I currently have 2 female rabbits both 3 month old and they live in peace

what would happen if i get another male rabbit to live with them?

will the male rabbit mate with both females or will it only choose one?

please tell me if this is a good idea or not


----------



## Guest

So long as you get everyone neutered and all their hormones have died down it can work really well.

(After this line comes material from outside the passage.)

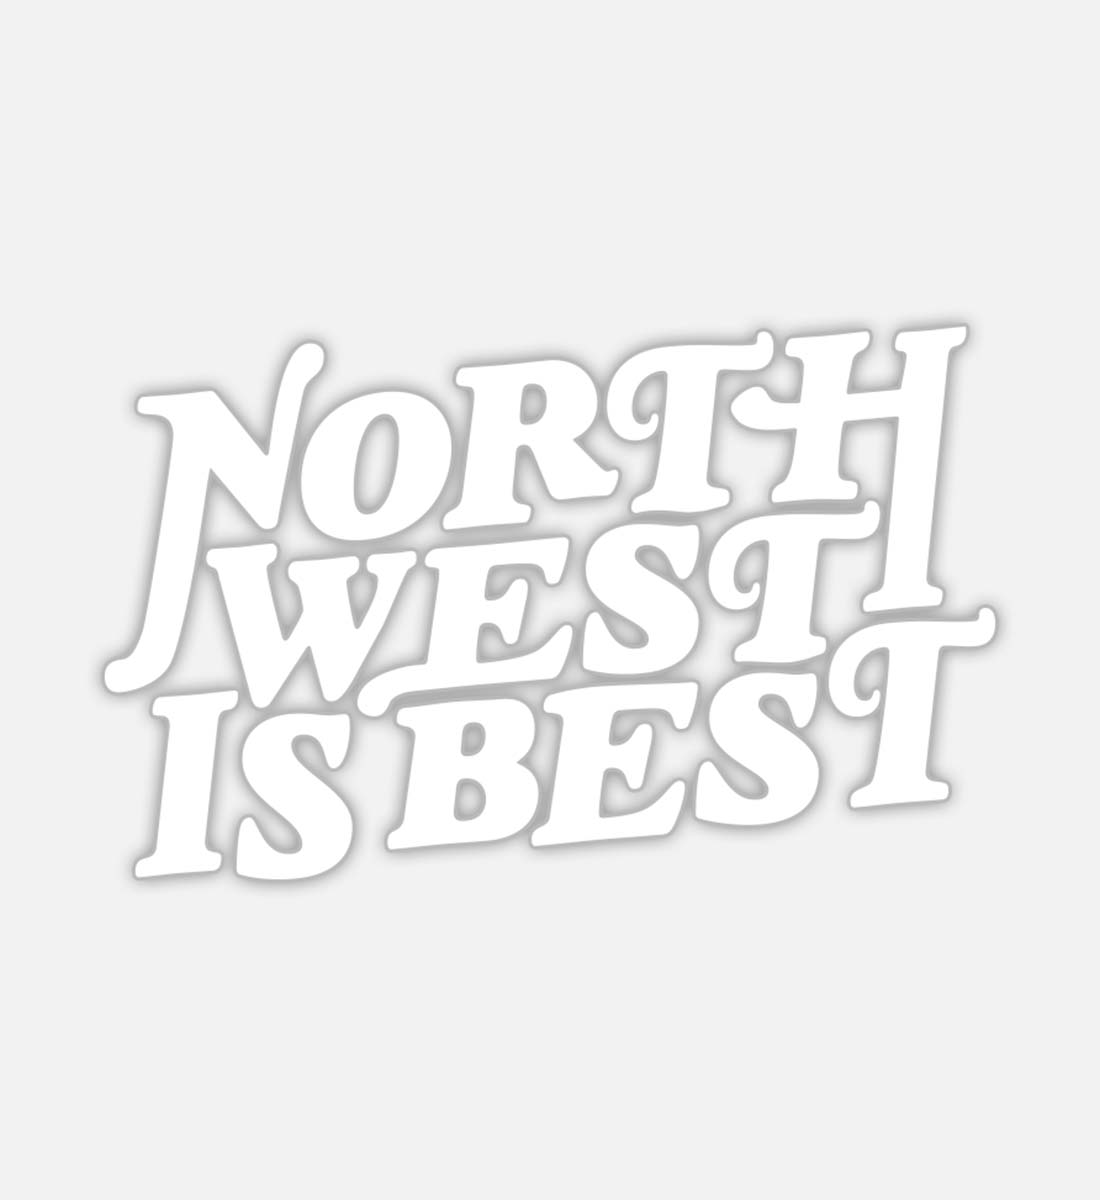 North West is Best Vinyl Decal

I have an indoor trio of two does and one buck and they get on really well together, you will have to introduce them on netural territory (somewhere that none of them have been before like the bathroom.) and keep an eye on them to start with just incase anything kicks off :thumbup:


----------



## Kammie

Get both your females spayed before thinking of putting a male in with them.

If your thinking of breeding forget it unless you know four generations of their history to lessen chances of hereditory problems like bad teeth. 

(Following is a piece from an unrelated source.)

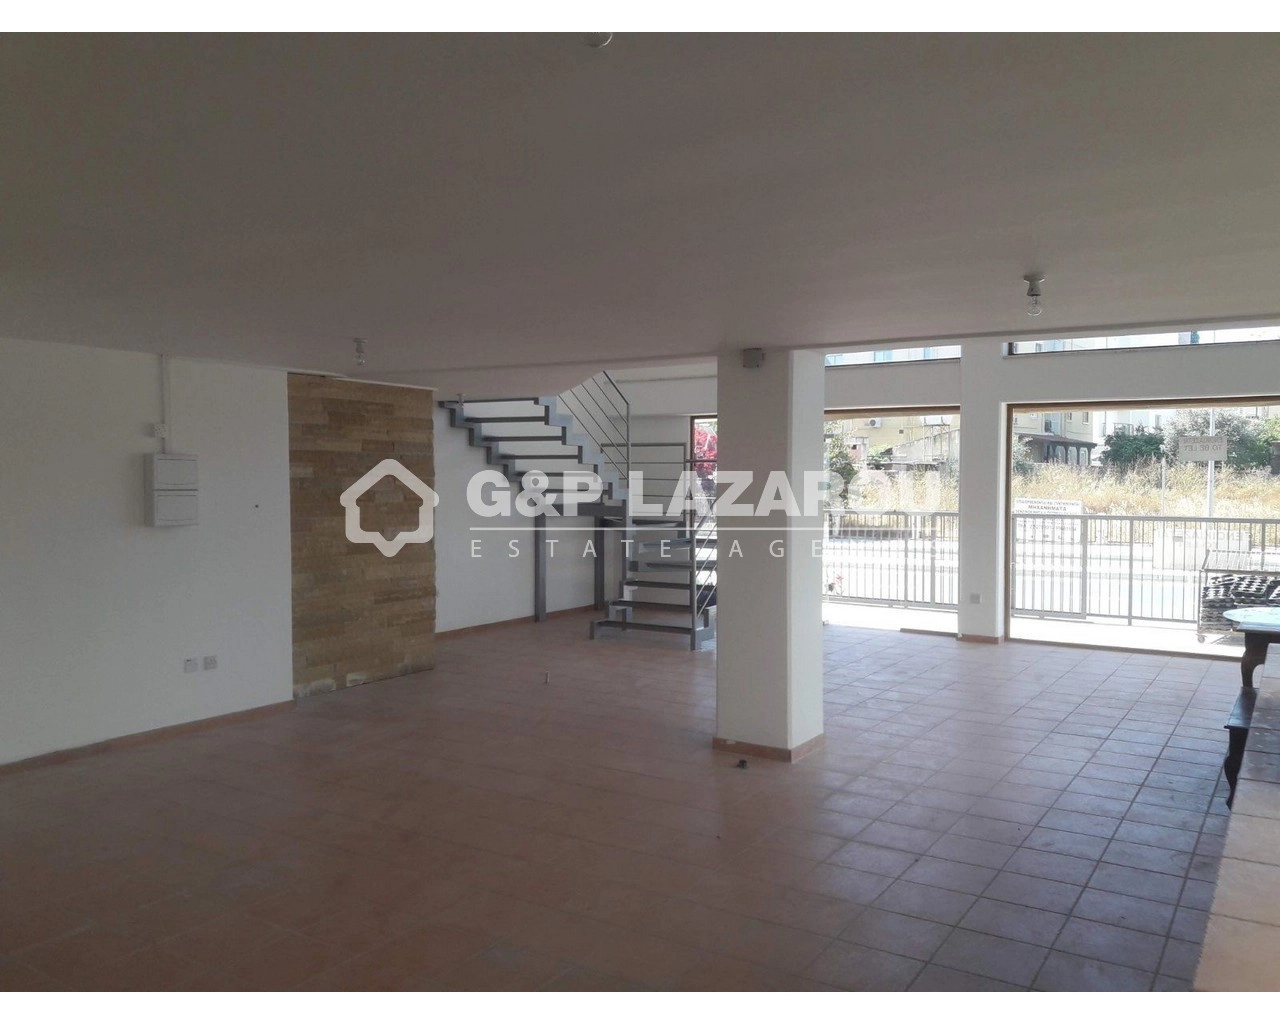 150m² Commercial for Rent in Aglantzia, Nicosia District

The male will most definately mate with both females within seconds of being in there and you'll have two pregnant females and lots of hard work ahead of you. 

You can have two females and a male live happily together with no problems if all are neutered (including the male) and they are bonded properly on neutral territory.


----------



## emzybabe

your 2 females are also likely to start fighting at the 4-6 month mark depending on when they mature, spaying cost between £40 - £100 depending on where u go. Also a pair of females can quickly change in to a brother and sister combo if u got them from a pet shop.


----------



## BattleKat

I'm also wondering about this. I have 2 roughly 8 month old spayed does which are small breed and am planning to add a french lop buck to the pair. 
would it be ok to introduce them while he's young and get him neutered when he's old enough or should I keep him separate until he's neutered?
What are the chances it will break the existing bond?


----------



## happysaz133

I don't see why not  so long as they are all spayed and neutered so you don't end up with babies and fighting!


----------



## Guest

BattleKat said:


> I'm also wondering about this. I have 2 roughly 8 month old spayed does which are small breed and am planning to add a french lop buck to the pair.
> would it be ok to introduce them while he's young and get him neutered when he's old enough or should I keep him separate until he's neutered?
> What are the chances it will break the existing bond?


Personally I would wait until the buck is neutered before bonding them, if he starts to hit puberty before you got him neutered he might bother the girls with his constant humping which could turn into a fight :scared:


----------